A final week of ’70s music at the Big Box

A final week of ’70s music at the Big Box November 27, 2015

I’ve started noticing other stores going with a 1970s soundtrack for shoppers. I think maybe it’s a way of getting around worries about otherwise needing to pick a particular target demographic for the piped-in music. By the late 1980s, pop radio had begun splintering into dozens of categories and sub-categories, but in the ’70s, Top-40 still ruled, with radio offering rock and disco and Manilow in a single block of music. One minute it sounds like you’re riding along in the car with Dean Winchester, and then suddenly you’re docking at Puerto Vallarta with the passengers from The Love Boat.

Anyway, restocking the shelves at the Big Box doesn’t fully occupy one’s mind, giving me plenty of time to meditate on the meaning of the songs being piped in on the store’s music service. Maybe too much time.

• Tavares’ “Heaven Must Be Missing an Angel” starts off as an unmistakable artifact of the 1970s with the strains of Disco behind a hook based on the cheesiest of cheesy pick-up lines. But after the first minute or so the song morphs into something more like old-school 1950s Doo-wop. Maybe “heavenly” Disco songs just become untethered in time because something similar — but even more surprising — happens in the final minutes of Brenda Pointer’s “Heaven Must Have Sent You,” which ends with a burst of brassy scat a la Louis or Ella. It’s completely unexpected, but it fits perfectly, which is a delightful trick.

• The BeeGees’ “More Than a Woman” would be a period piece even without its ultra-’70s arrangement. If you covered this song today, giving it the most contemporary, cutting-edge musical interpretation possible, it would still come across as a relic of its time. No matter the musical setting, the lyric expresses something that could only be said by blow-dryed, bare-chested men in gold jackets with gold chains tangled in their copious chest-hair.

The Bee Gees

The chorus seems intended to praise a woman by suggesting that she is better than “a woman.” It posits womanhood as a category and approves of its object due to her transcendence of that category. If she were merely “a woman,” she would apparently be unworthy of the singer’s love and admiration. Her worthiness is contingent on her being “more than a woman.”

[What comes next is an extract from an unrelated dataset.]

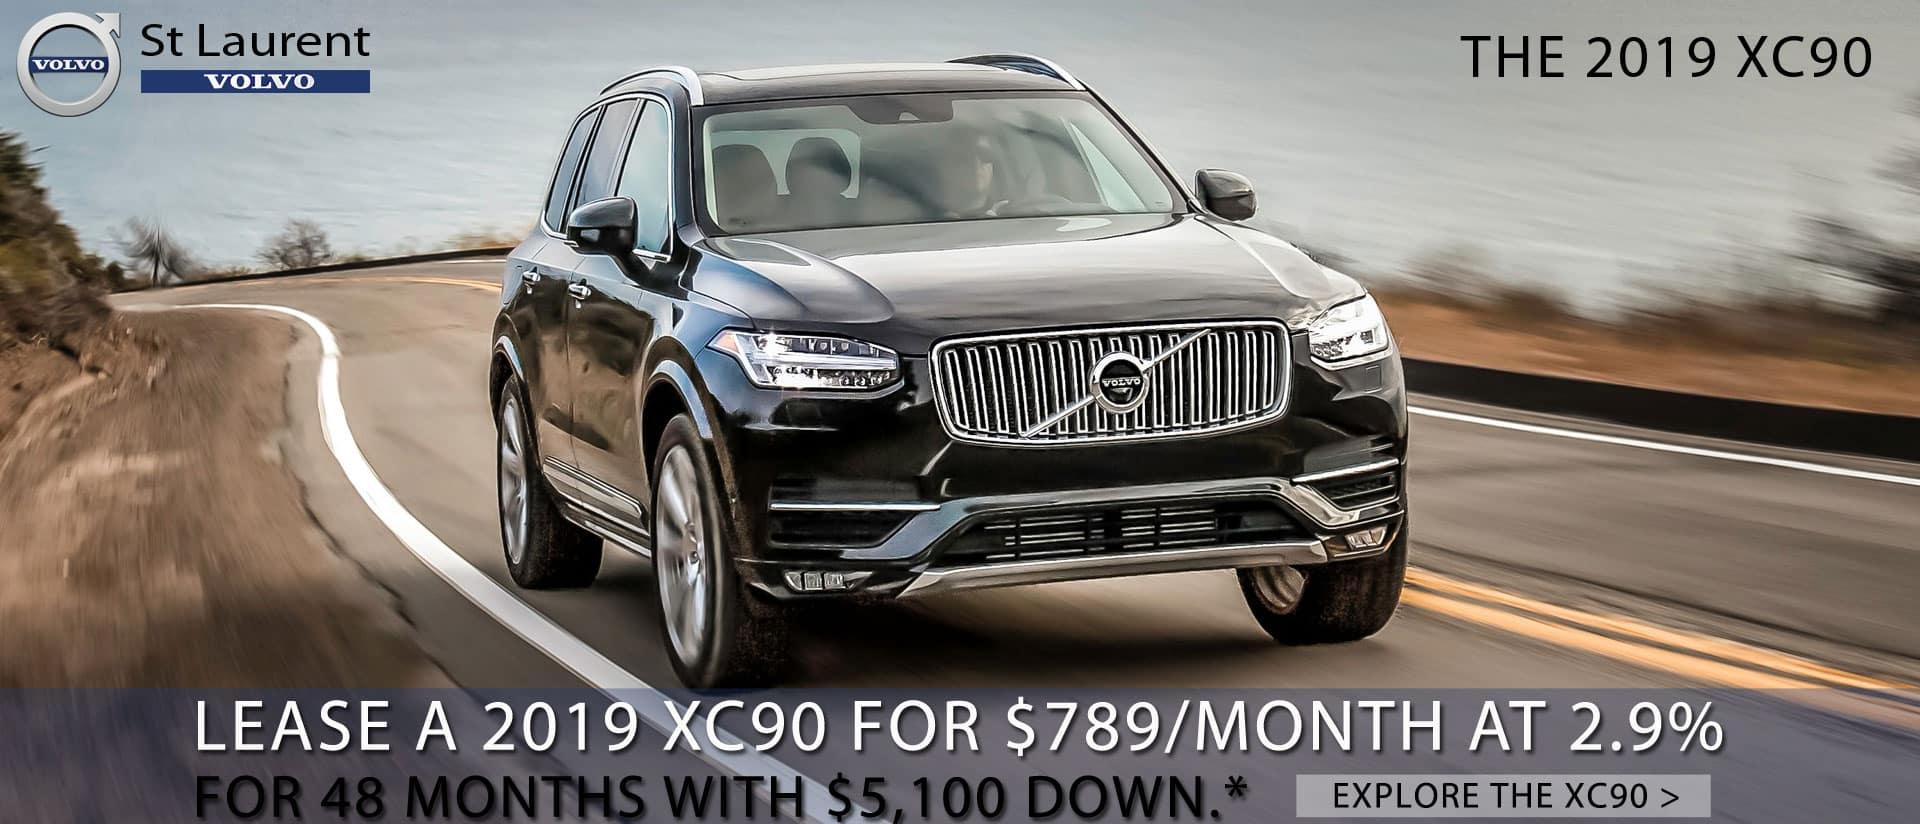 Volvo-National-Promo-april-xc90
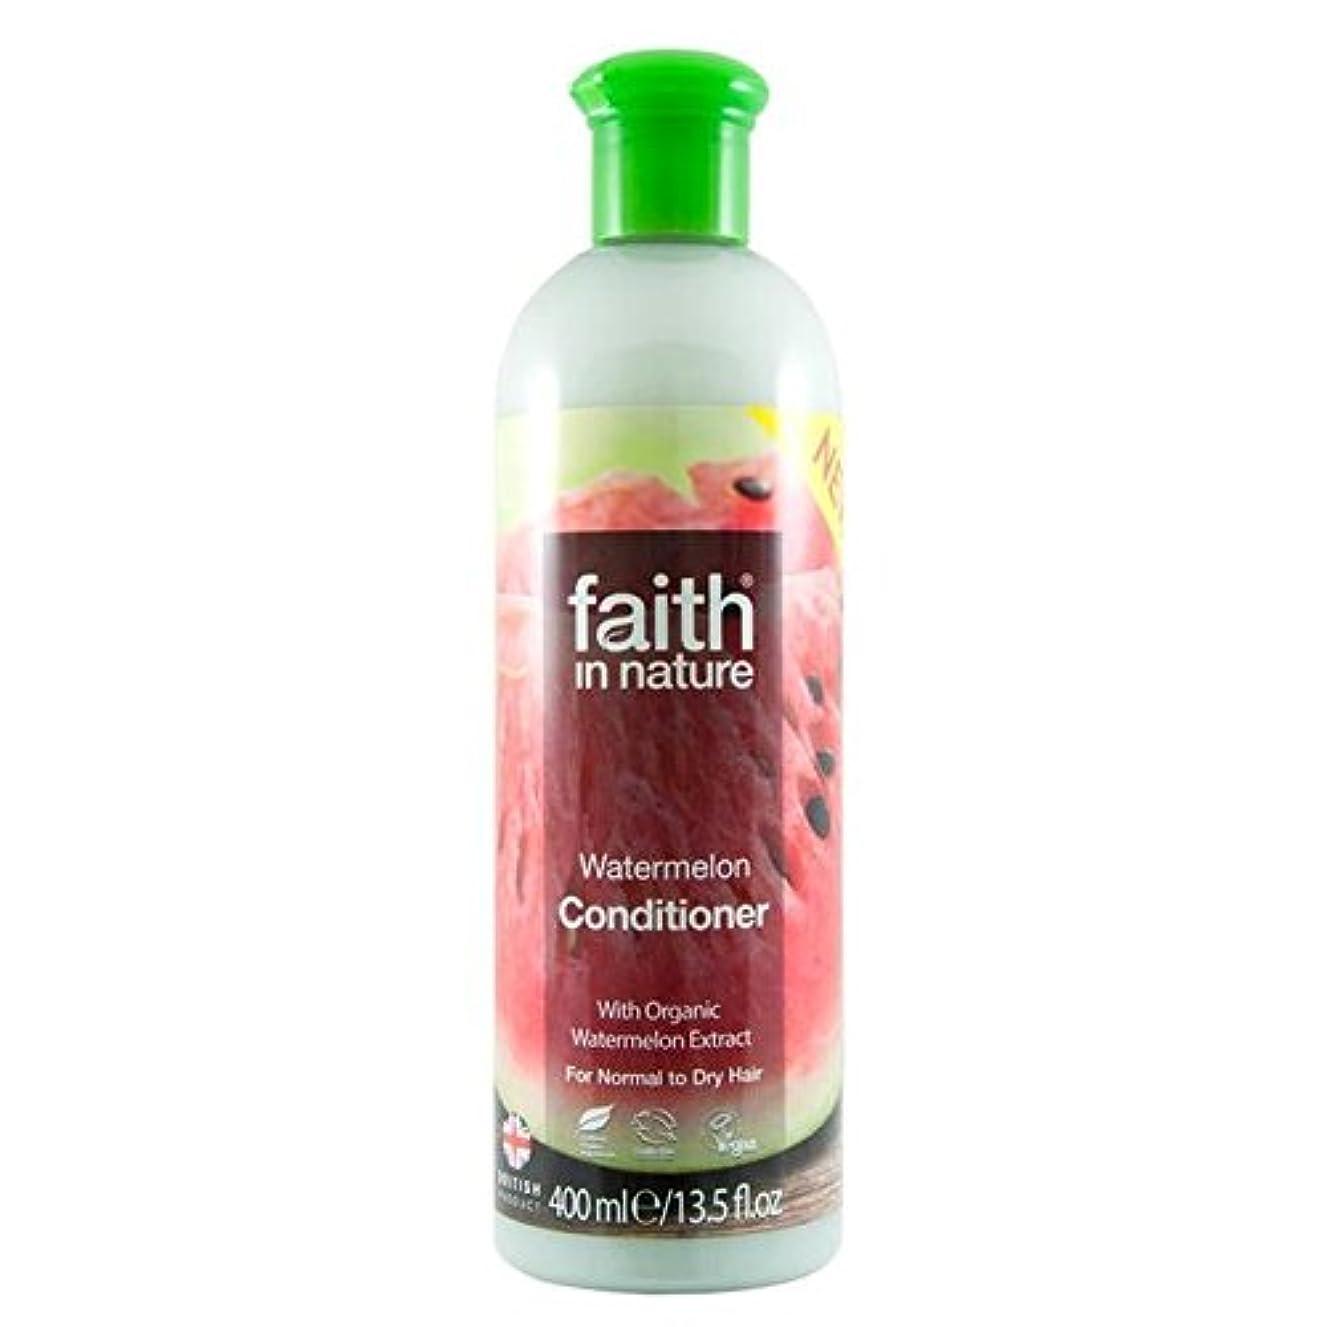 第四ベーリング海峡アンティークFaith in Nature Watermelon Conditioner 400ml (Pack of 4) - (Faith In Nature) 自然スイカコンディショナー400ミリリットルの信仰 (x4) [並行輸入品]

I’ve given this a great deal of thought, but haven’t yet managed to find any way of interpreting that phrase — “More Than a Woman” — that doesn’t require some appallingly misogynistic underlying assumptions.

The best I can do is to read this as a kind of repentance of some earlier attitude. Perhaps the singer intends to say that he used to regard all women as objects — interchangeable, disposable, impersonal and sub-personal inferior creatures. But now, he may be saying, this new love has taught him to view her as something more than that. This might have been a teachable moment, leading him to understand that his previous dismissive generalizations about the category “woman” were a distorted lie. But the singer/narrator/protagonist can’t quite come to grasp this. He persists in characterizing the object of his affection as an exception to the general view in which he seems to still regard all other women. By repeatedly hailing her for what he regards as her exceptional quality, he also repeatedly reaffirms his enduring misogynistic ideology, repeatedly reassuring himself and the listener that “a woman” is an inferior category unworthy of respect or love.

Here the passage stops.